Prof. Soraj Hongladarom on Buddhism, Artificial Intelligence and Robotics

“… we can think about what can be the supreme end, the final end or ethical perfection for AI ethics … we want to be able to get clear guidelines for AI ethics and with the final end in sight” 

Prof. Soraj Hongladarom

In this issue of A Correction podcast I speak with Prof Soraj Hongladarom who explains why a clear vision or guidelines for AI ethics should be conceptualised with a final end in sight – ending the suffering of interdependent and connected sentient beings (or reaching nirvana), even if it takes a long time or is not achieved. He talks about how Buddhist philosophy related to justice, accountability and compassion can support ethical development of AI that supports common moral human values around the world. He explains how this can be cultivated by those developing AI and maps not only differences but similarities between Buddhist and Greek philosophy in this regard.

Soraj considers the concept of the ‘self’ vs the ‘non-self’ in developing AI, the importance of privacy and interrogates the concept of intellectual property rights. He also talks about his contribution to the Institute of Electrical and Electronics Engineers (IEEE) Global Initiative on Ethics of Autonomous and Intelligent Systems which considers how different philosophical traditions such as Buddhism, Confucianism, African Ubuntu traditions, and Japanese Shinto can support ethical digital technology and what is meant by ‘machine enlightenment’.

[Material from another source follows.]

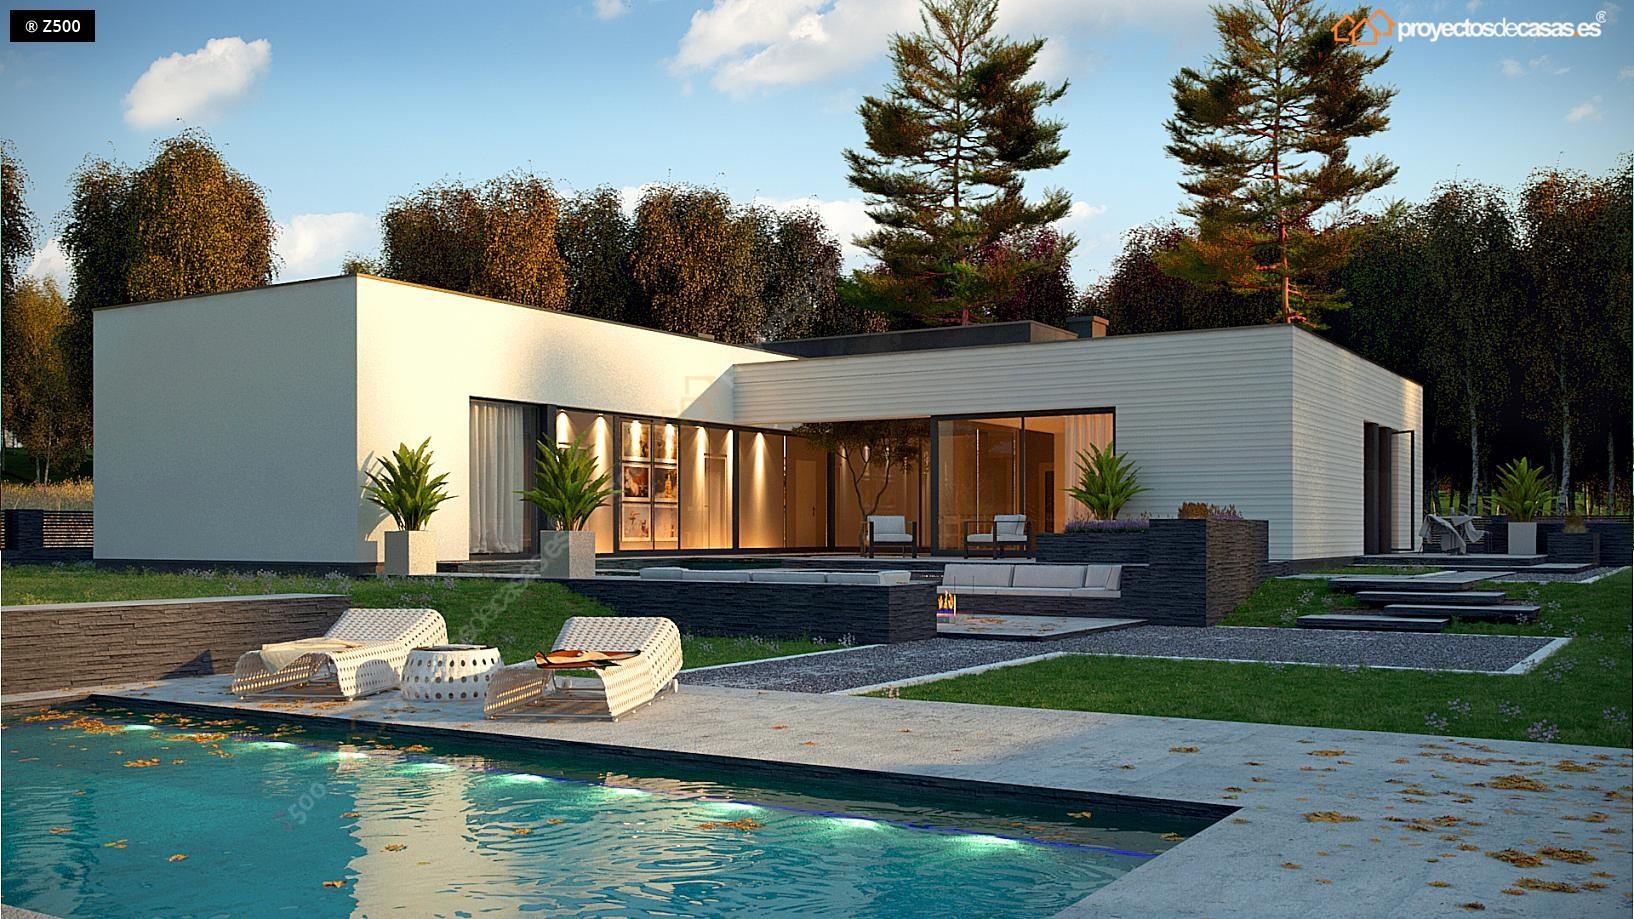 Proyectos de casas casa moderna de 1 planta con piscina proyectosdecasas dise amos y for Casas modernas para construir

Listen on the A Correction Podcast website, Spotify, Apple Podcast or all the usual podcast channels.

Prof. Soraj Hongladarom

Professor Soraj Hongladarom is professor of philosophy and Director of the Center for Ethics of Science and Technology at Chulalongkorn University in Bangkok, Thailand. He has published books and articles on diverse issues such as bioethics, computer ethics, and the roles that science and technology play in the culture of Eastern countries. His concern is mainly on how science and technology can be integrated into the life-world of people in the so-called ‘Third World’ countries, and what kind of ethical considerations can be obtained from such relations. A large part of this question concerns how information technology is integrated in the lifeworld of the Thai people, and especially how such integration is expressed in the use of information technology in education. He is the editor, together with Charles Ess, of Information Technology Ethics: Cultural Perspectives, published by IGI Global. His works have also appeared in Bioethics, The Information Society, AI & Society, Philosophy in the Contemporary World, and Social Epistemology, among others.